By the nature of this type of analysis there is some statistical uncertainty, represented by the error bars showing 95% confidence intervals. But it’s very clear that once the 2 populations have been adjusted for age the death rate in the vaccinated sample is much lower than that in the unvaccinated sample. The unvaccinated people are on average more than twice as likely to die as the vaccinated people are.

To avoid having to accuse myself of the same cherry picking that the authors of the initial chart did, here’s the same data for the entire time series. Whilst the differences between the two groups have changed over time, there’s not a single month where the rate of vaccinated people dying was higher than the unvaccinated group when age is controlled for.

Now age standardisation isn’t a magical fix to all the problems one encounters when comparing observational data from two self-selected groups. The only thing it controls for is age. In reality, due to the rules around who was eligible for a vaccine in the UK there would likely be an additional bias towards the most vulnerable of the younger people being in the vaccinated group too. This would have the effect of making the vaccinated group rates look relatively “worse” than that they really are – so the age standardised chart likely understates any benefit of the vaccine in that respect.

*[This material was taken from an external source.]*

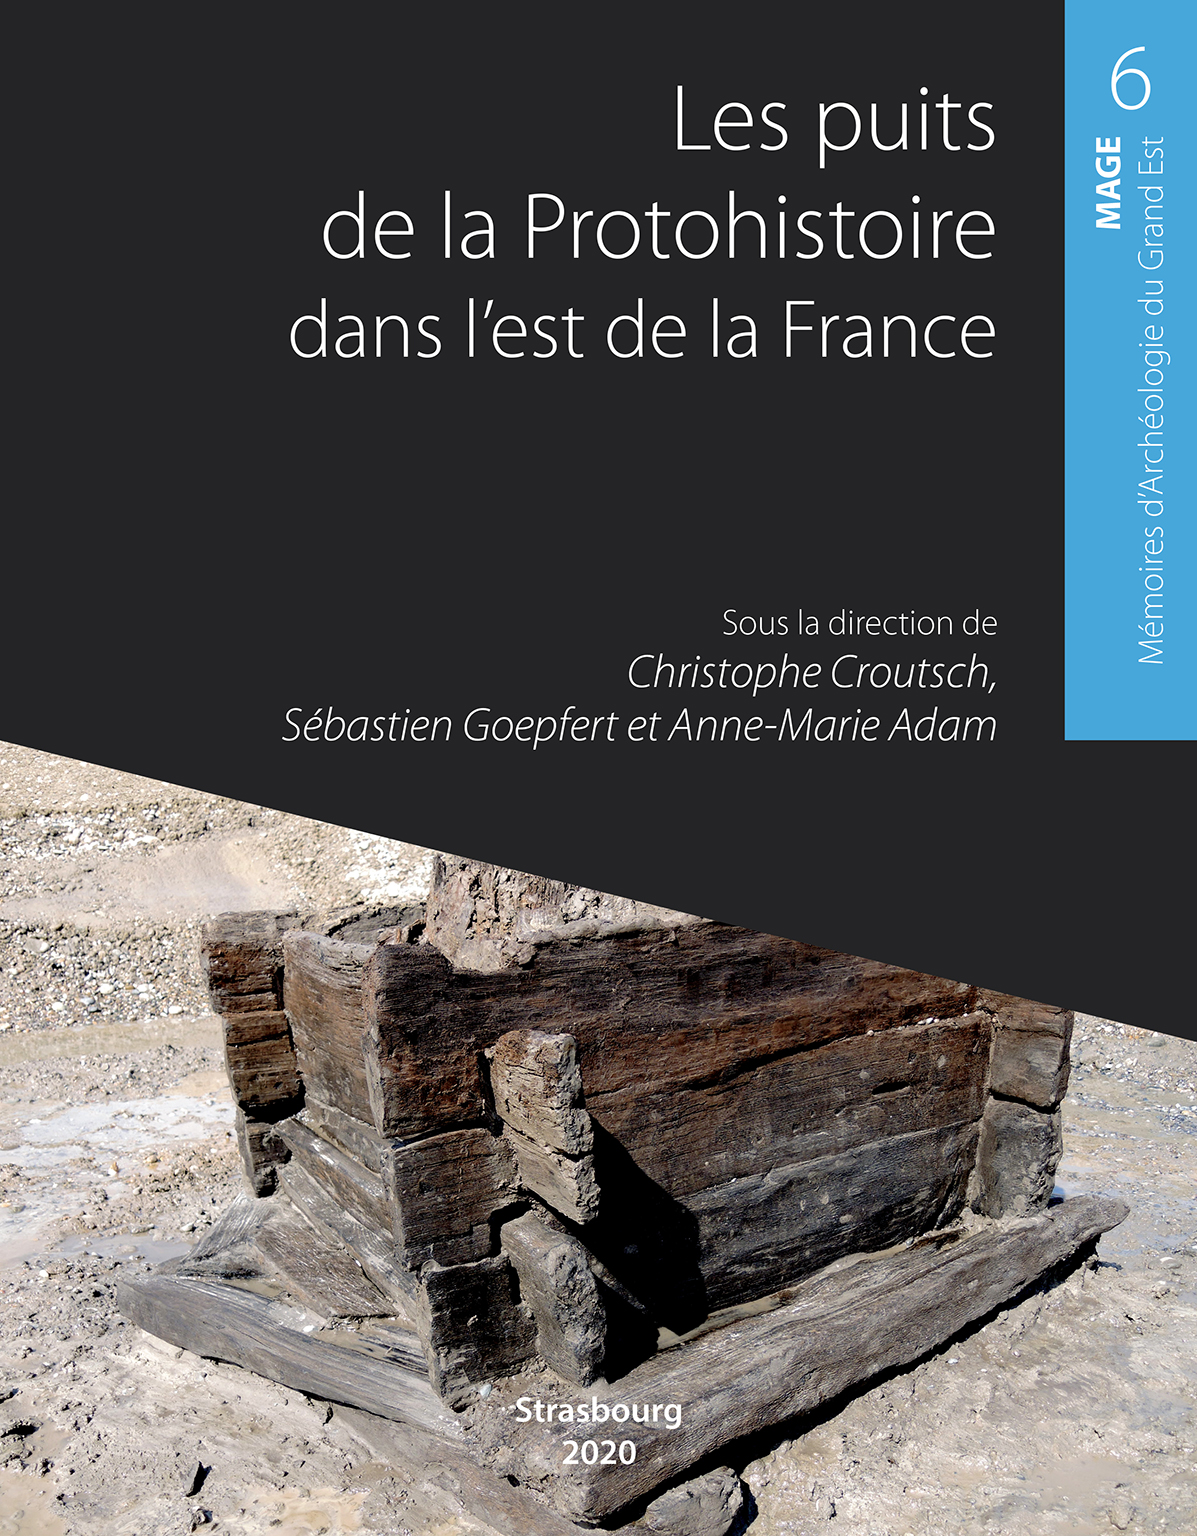 Les puits de la Protohistoire dans l'est de la France, (MAGE 6), 2020, 256 p.

The ONS notes the possibilities of these outstanding biases in the 9th note attached to the file.

Caution must be taken when comparing mortality rates and counts as the characteristics of people in the different vaccination status groups, such as health, may differ, particularly due to the prioritisation of the vaccine to more clinically vulnerable people. While differences in the ages of people in the vaccination status groups are accounted for, other differences, such as ethnicity or level of deprivation, may remain, which can affect the mortality rates and counts.

However there’s no data in this file that can let us dig into that further.

The best way to “control for everything” is by performing a well-designed randomised control trial. Happily, the appropriate regulations ensured that each of the available vaccines featured in studies of those type before they were permitted to be used.

Whilst no vaccine is either 100% effective or 100% risk free, each of the ones the UK uses showed a high – in fact surprisingly high – health benefit, with very low risk of serious side effects, in the environment that existed at the time. Since then, literally hundreds of thousands of Covid-19 related scientific papers have been published, and many organisations continue to monitor the progress of the pandemic and humanity’s response, including the ongoing efficacy of vaccines.

For those of us in the UK, the details of how the Covid vaccines are being proactively monitored by the UK Health Security Agency, the Medicines and Healthcare Regulatory Agency, NHS England, and other organisations can be seen in this strategy document.

The MHRA in particular is tasked with continuously monitoring the safety of vaccines, including the Covid-19 ones. Their latest report based on the Yellow Card reporting scheme is currently here. If you feel you may have experienced any side effects from vaccines or other medications that haven’t already been reported by your healthcare provider, you can use the Yellow Card reporting site to share your experience with them.